Abstract

The response to disease outbreaks, such as SARS-CoV-2, can be constrained by a limited ability to measure disease prevalence early at a localized level. Wastewater based epidemiology is a powerful tool identifying disease spread from pooled community sewer networks or at influent to wastewater treatment plants. However, this approach is often not applied at a granular level that permits detection of local hot spots. This study examines the spatial patterns of SARS-CoV-2 in sewage through a spatial sampling strategy across neighborhood-scale sewershed catchments. Sampling was conducted across the Reno-Sparks metropolitan area from November to mid-December of 2020. This research utilized local spatial autocorrelation tests to identify the evolution of statistically significant neighborhood hot spots in sewershed sub-catchments that were identified to lead waves of infection, with adjacent neighborhoods observed to lag with increasing viral RNA concentrations over subsequent dates.
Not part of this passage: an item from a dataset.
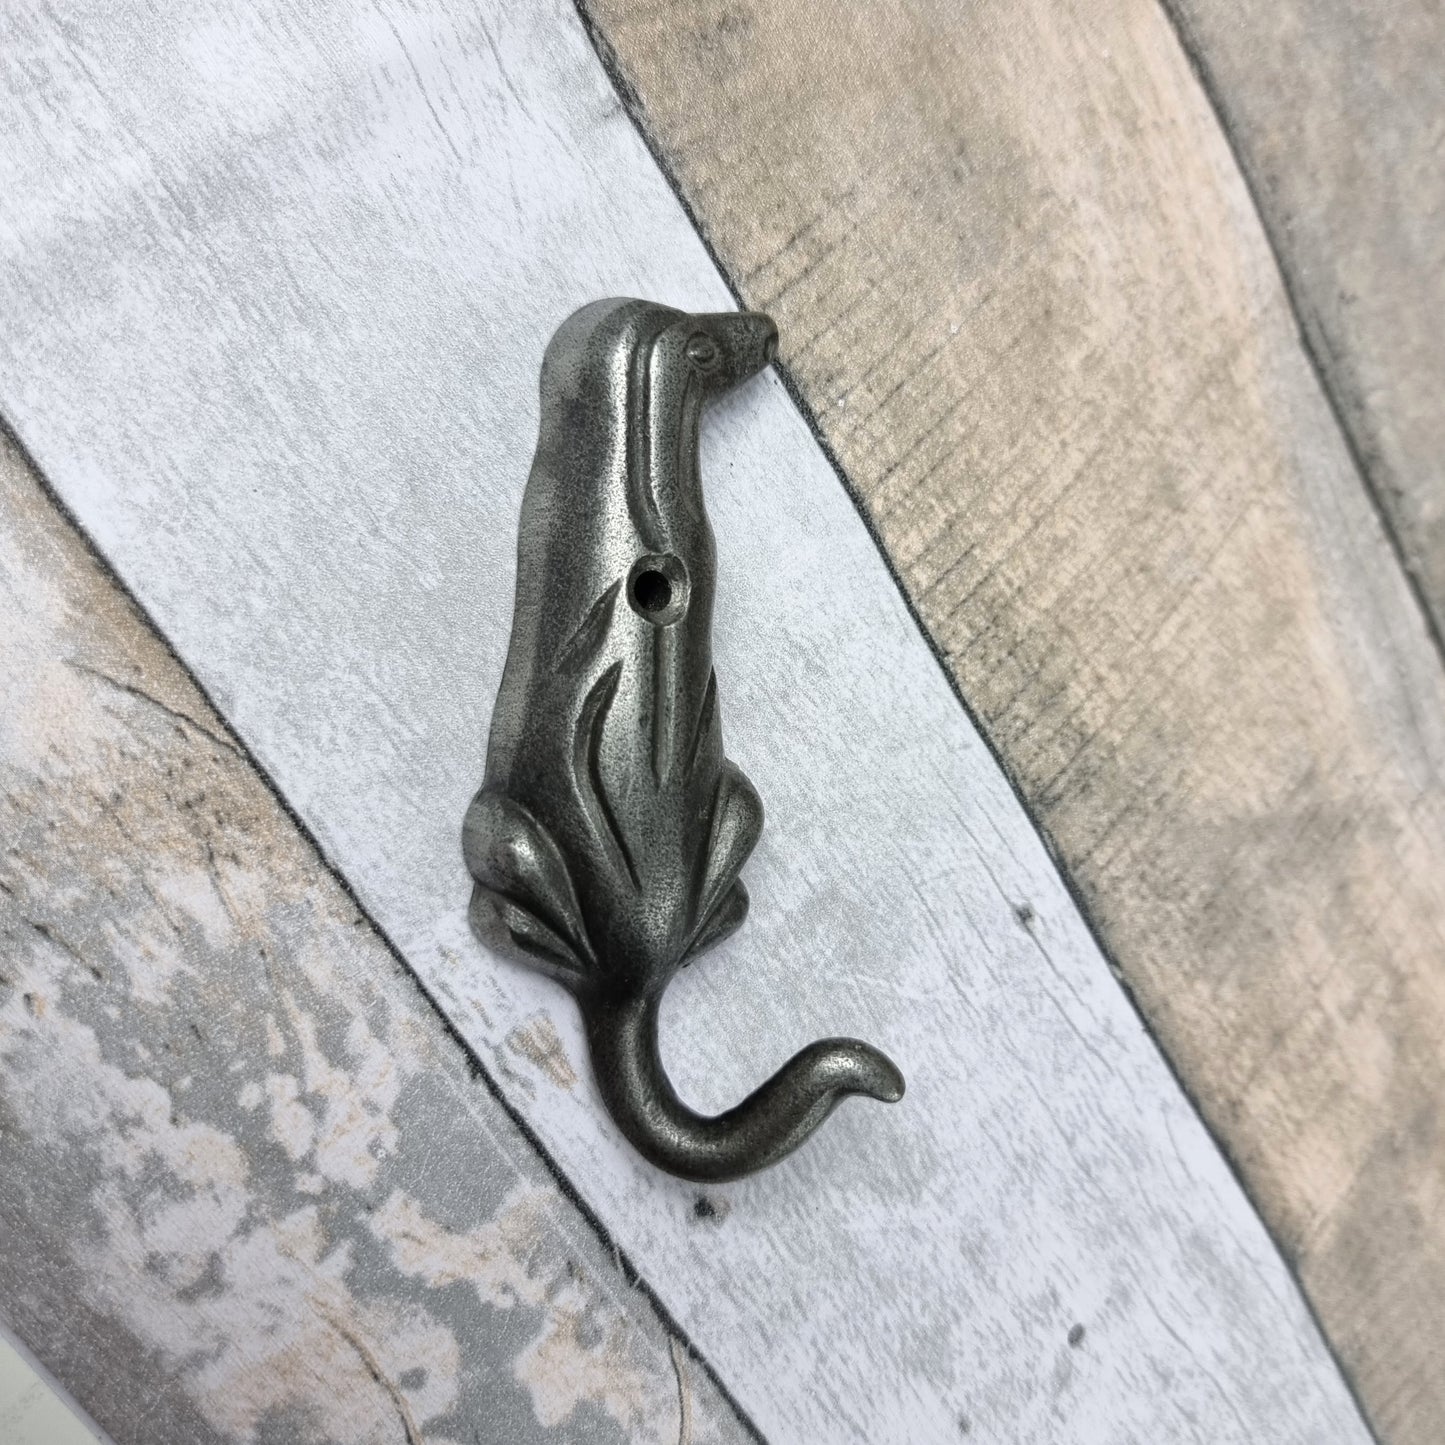 Dog Tail Coat Hook - Antique Iron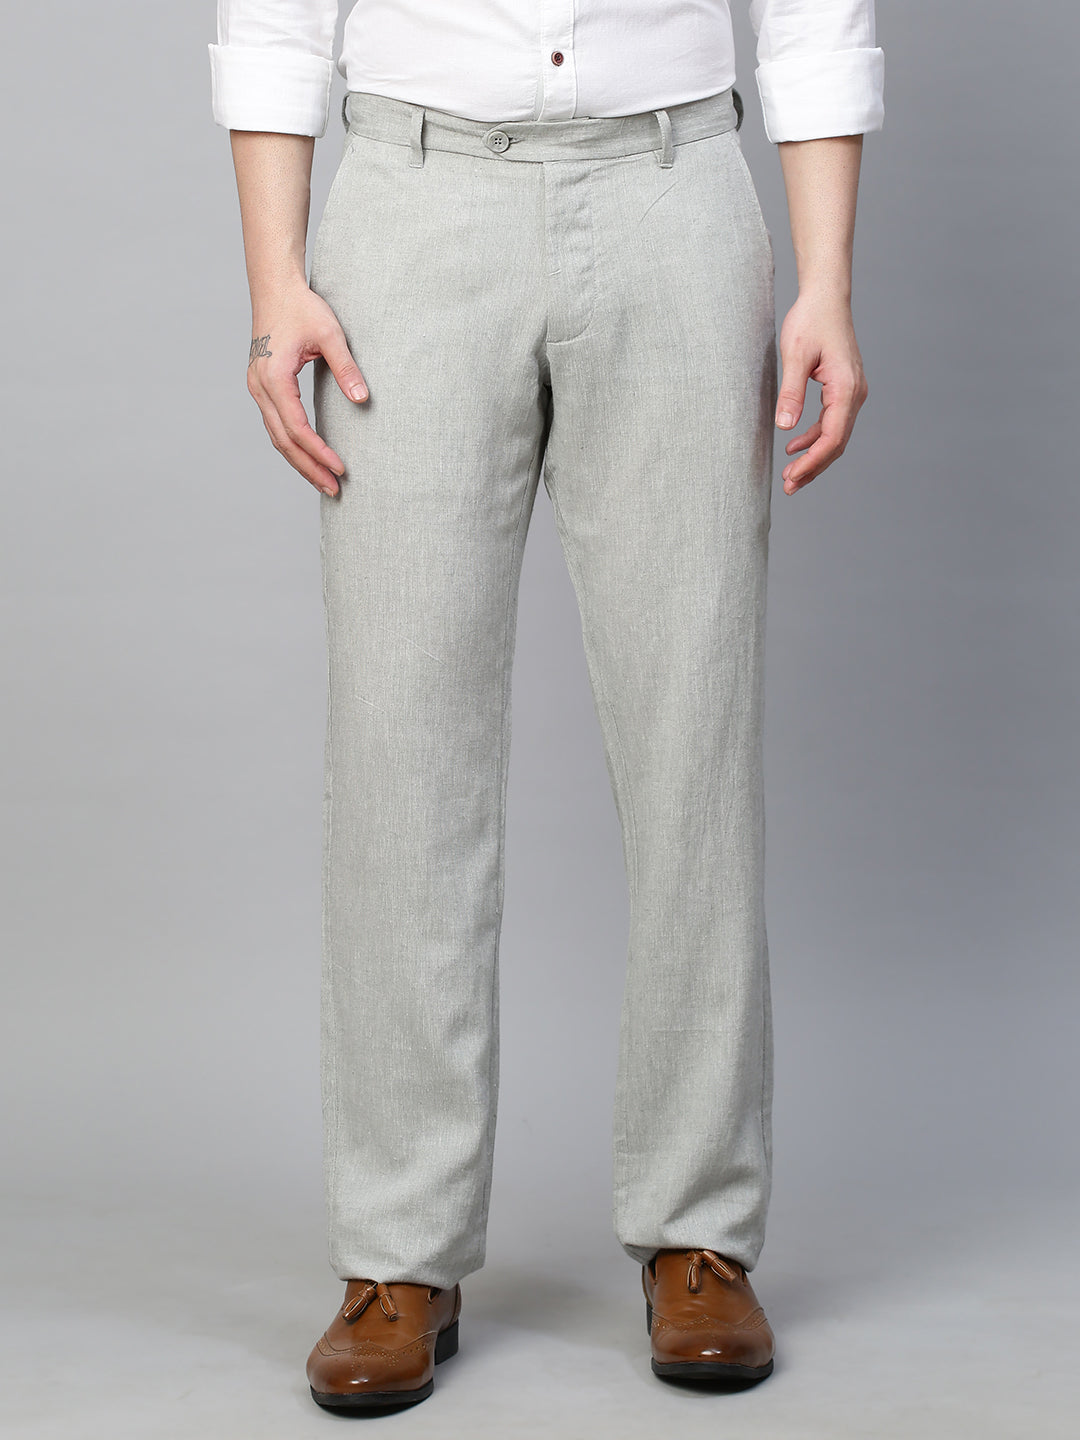 Buy Men's Linen Casual Wear Regular Fit Pants|Cottonworld

The correlations between the sub-catchments over the sampling period were also characterized using principal component analysis. Results identified distinct time series patterns, with sewersheds in the urban center, outlying suburban areas, and outlying urbanized districts generally following unique trends over the sampling period. Several demographic parameters were identified as having important gradients across these areas, namely population density, poverty levels, household income, and age. These results provide a more strategic approach to identify disease outbreaks at the neighborhood level and characterized how sampling site selection could be designed based on the spatial and demographic characteristics of neighborhoods.